To do:
From the line containing "PANTONE 11-2511 TCX" to the line containing "Chris S. Flodberg - Night Bouquet" in the entries below, reproduce every line exactly, ends included. Nothing else belongs in the copy, and no pictures.

Entries provided:
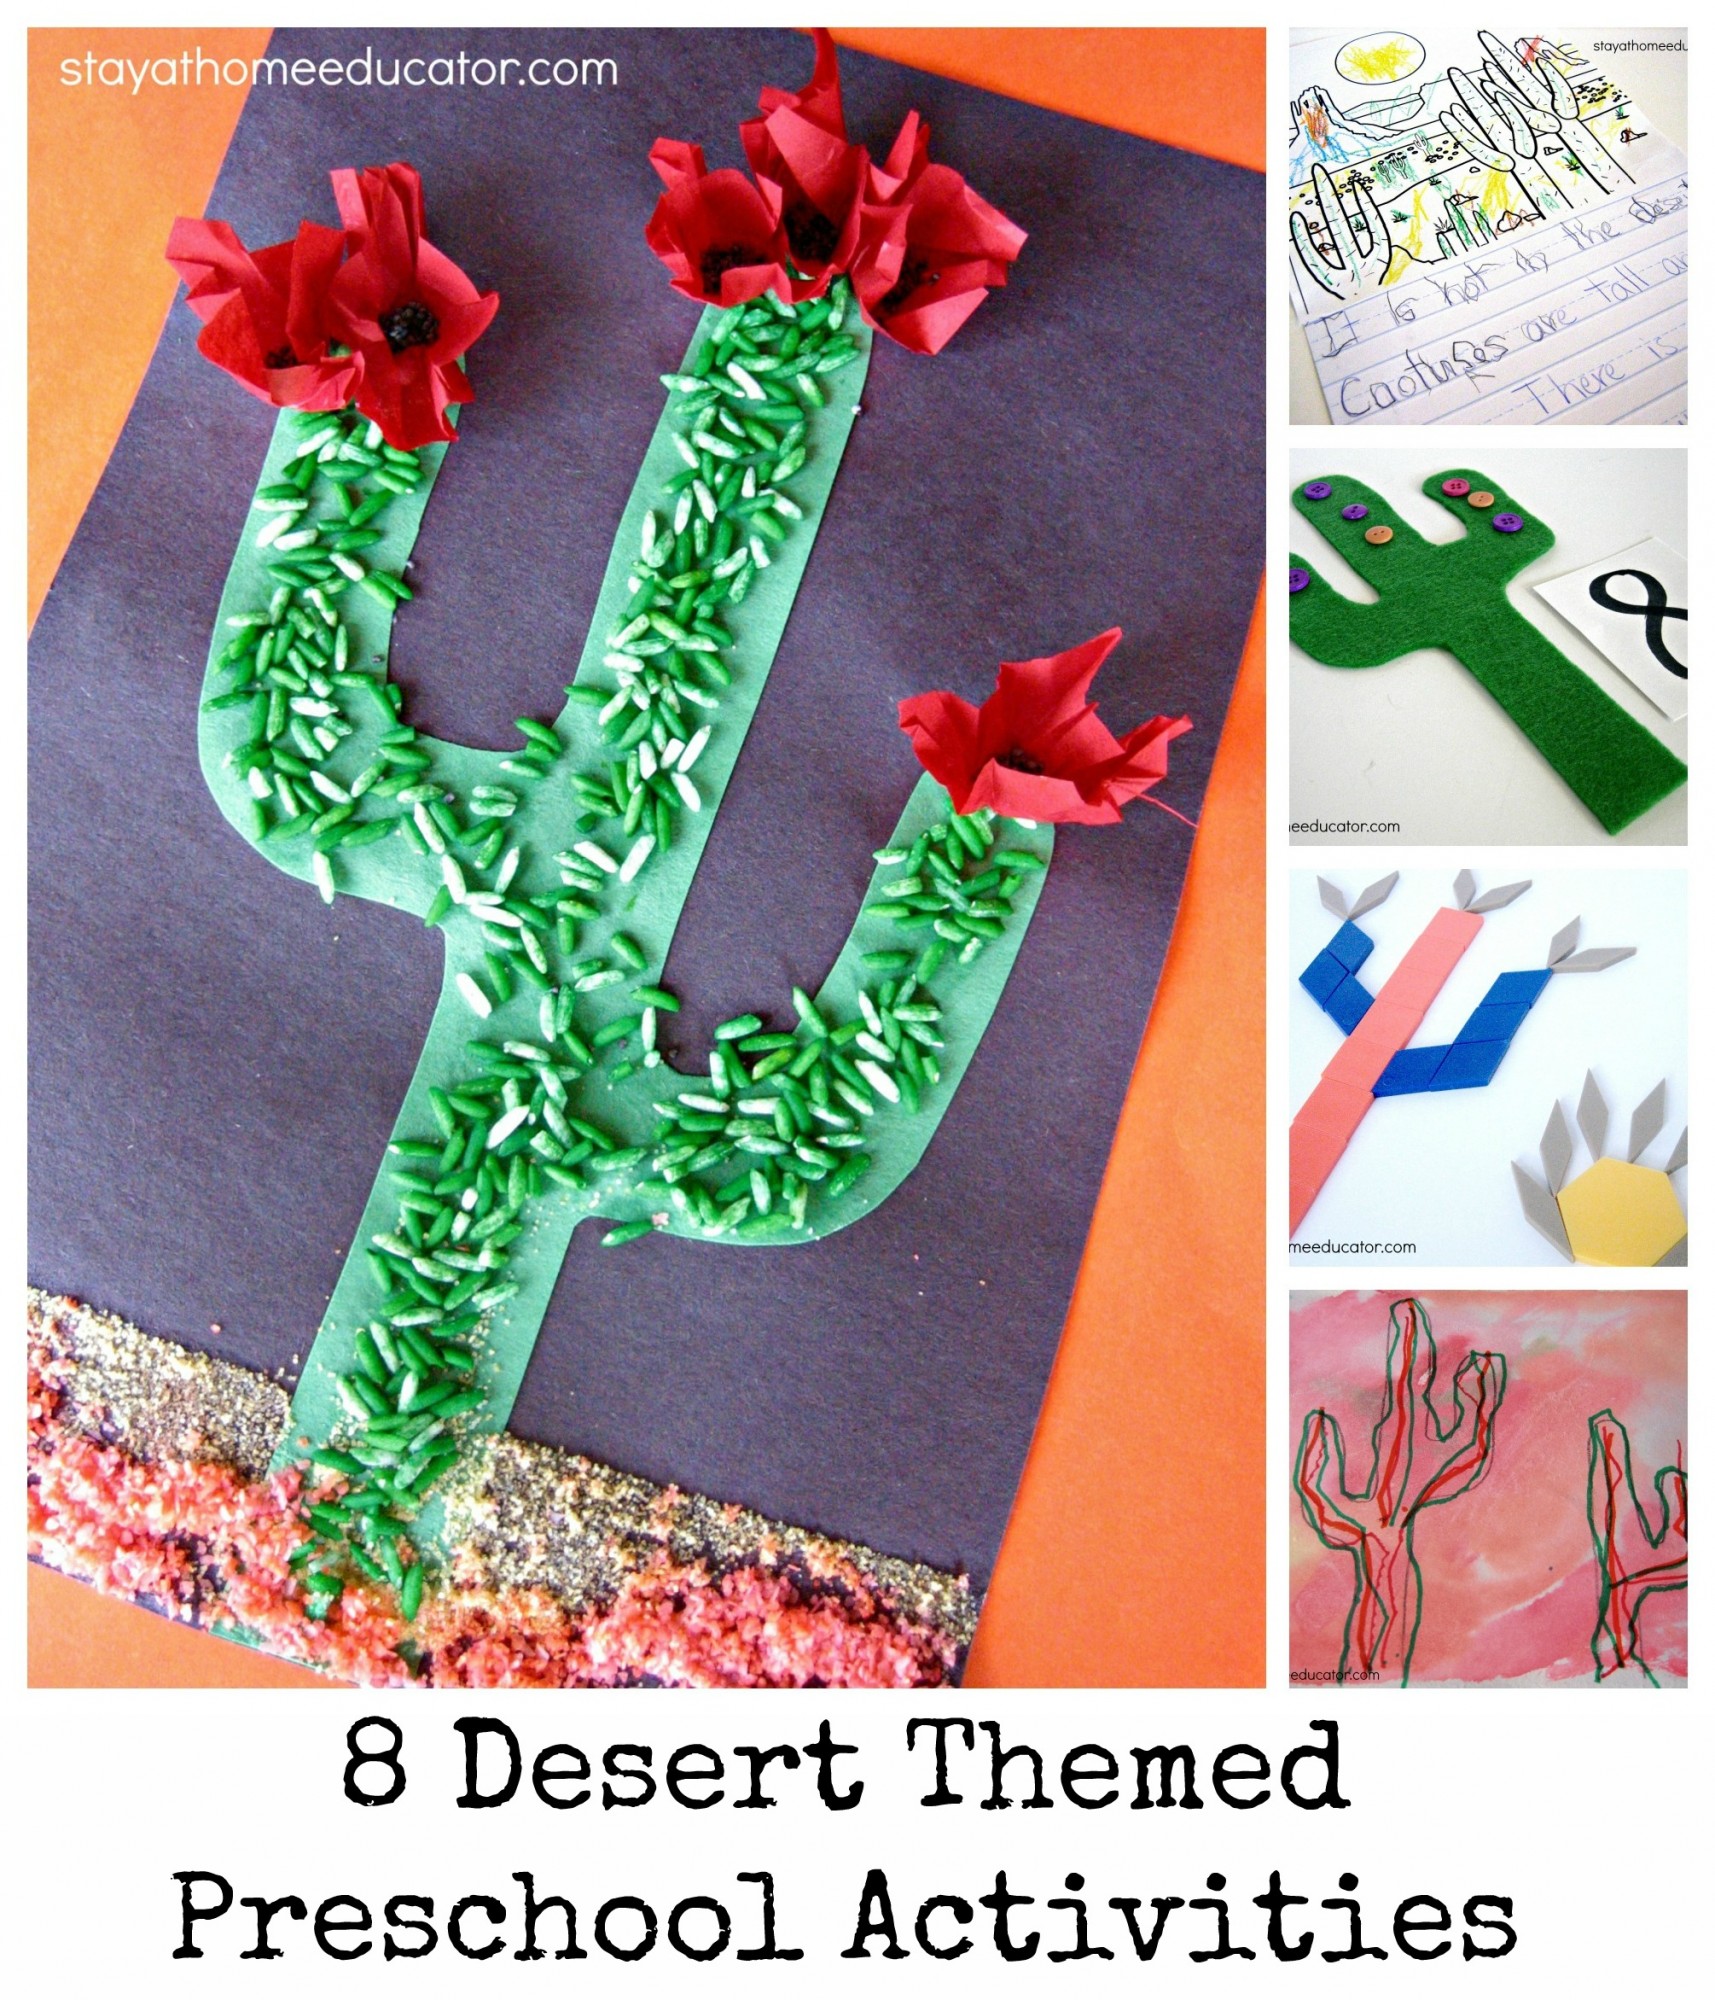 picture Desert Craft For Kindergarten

* * *

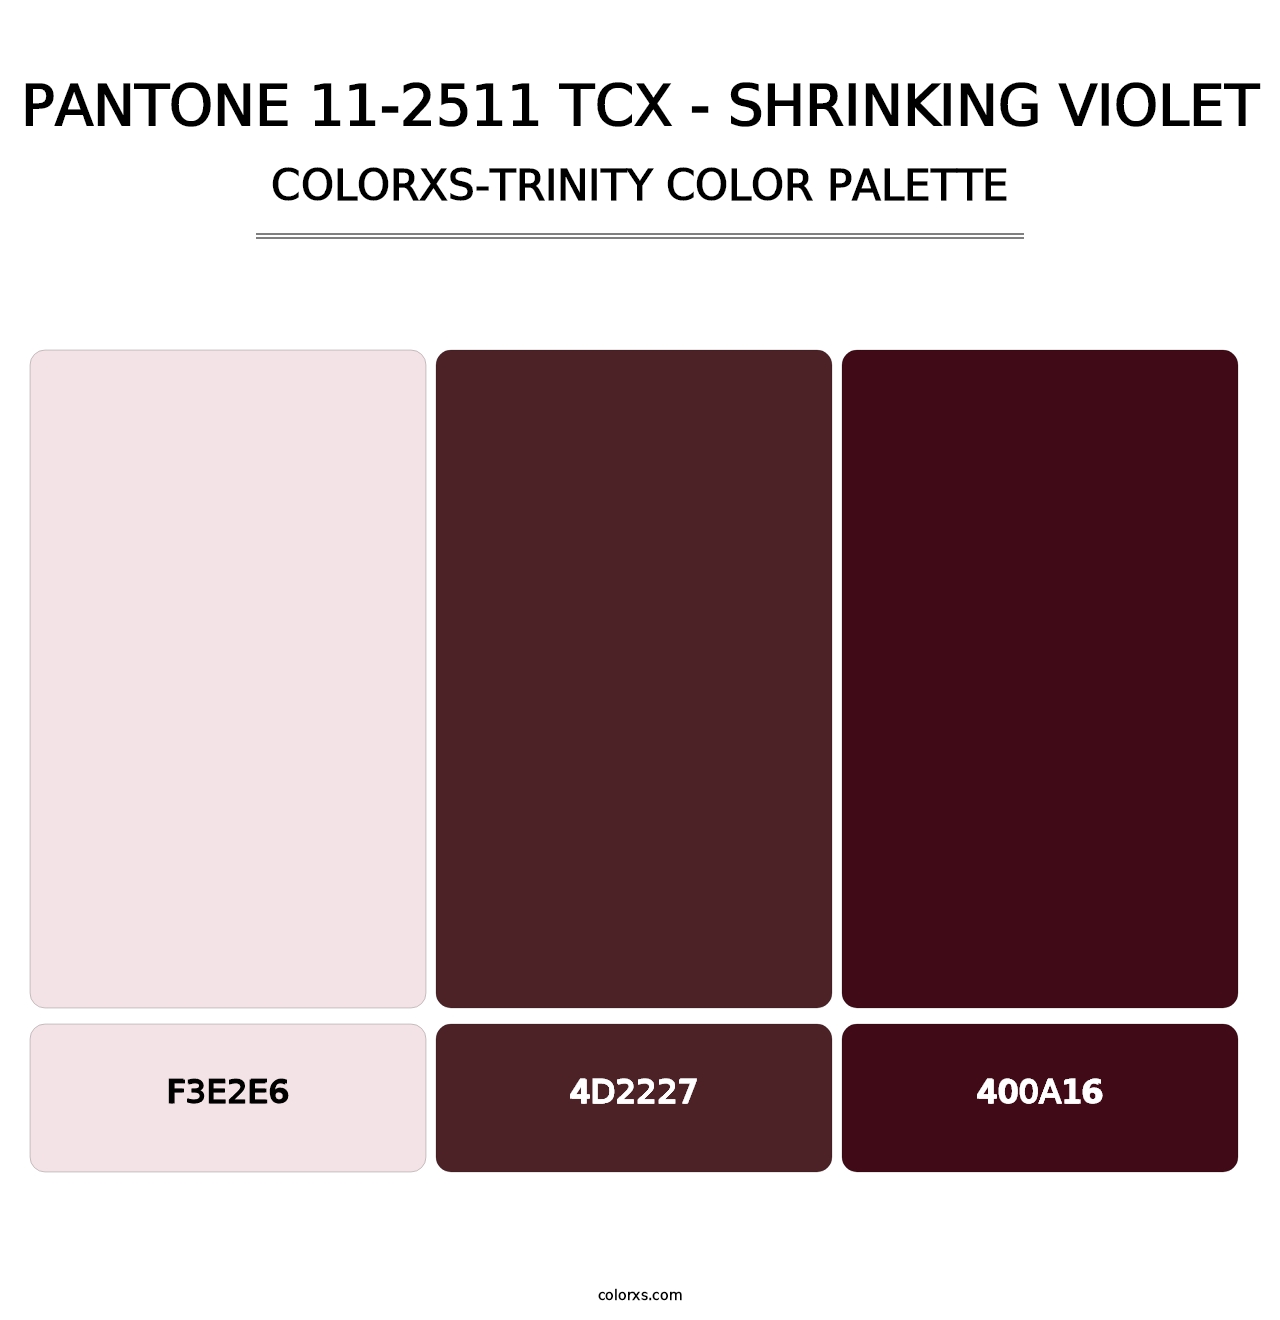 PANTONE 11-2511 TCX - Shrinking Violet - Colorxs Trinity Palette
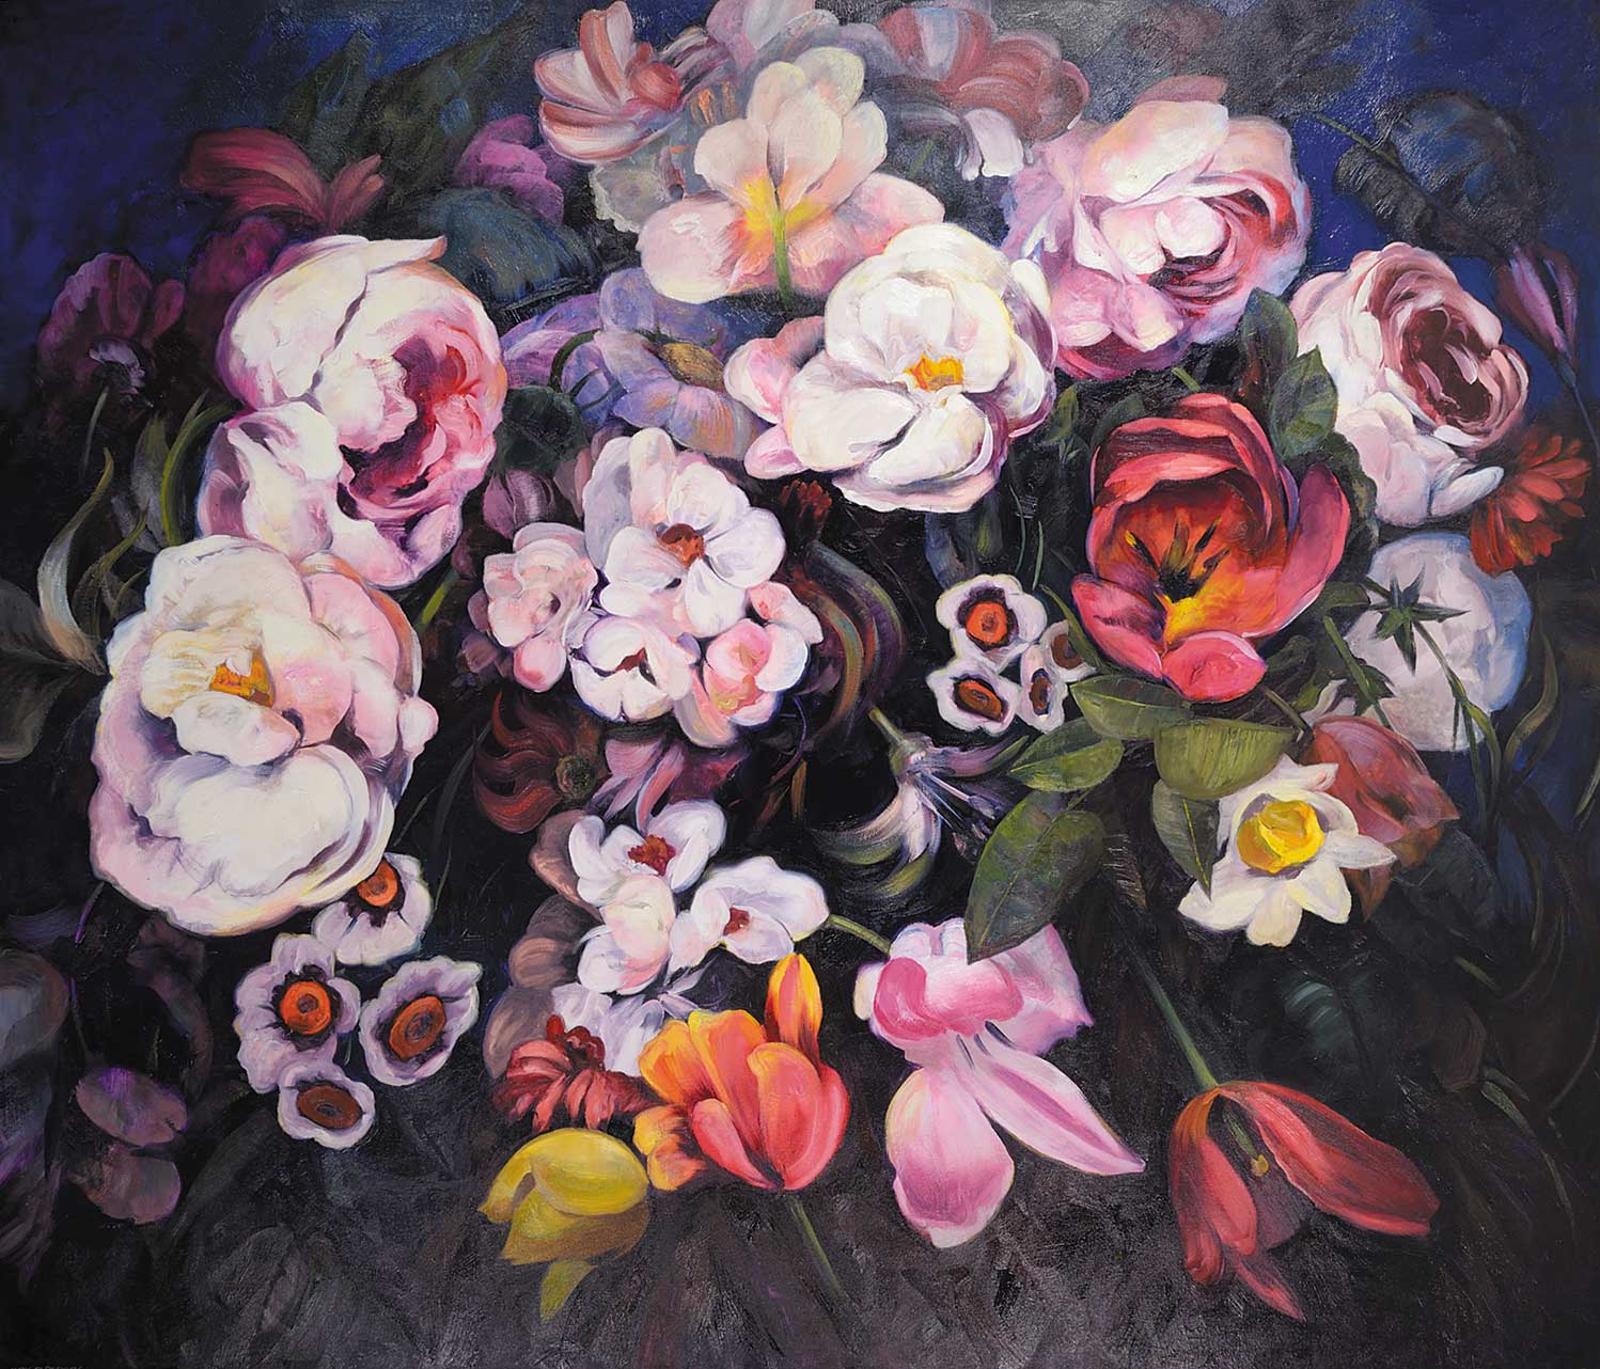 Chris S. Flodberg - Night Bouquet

Task solution:
 PANTONE 11-2511 TCX - Shrinking Violet - Colorxs Trinity Palette
 Chris S. Flodberg - Night Bouquet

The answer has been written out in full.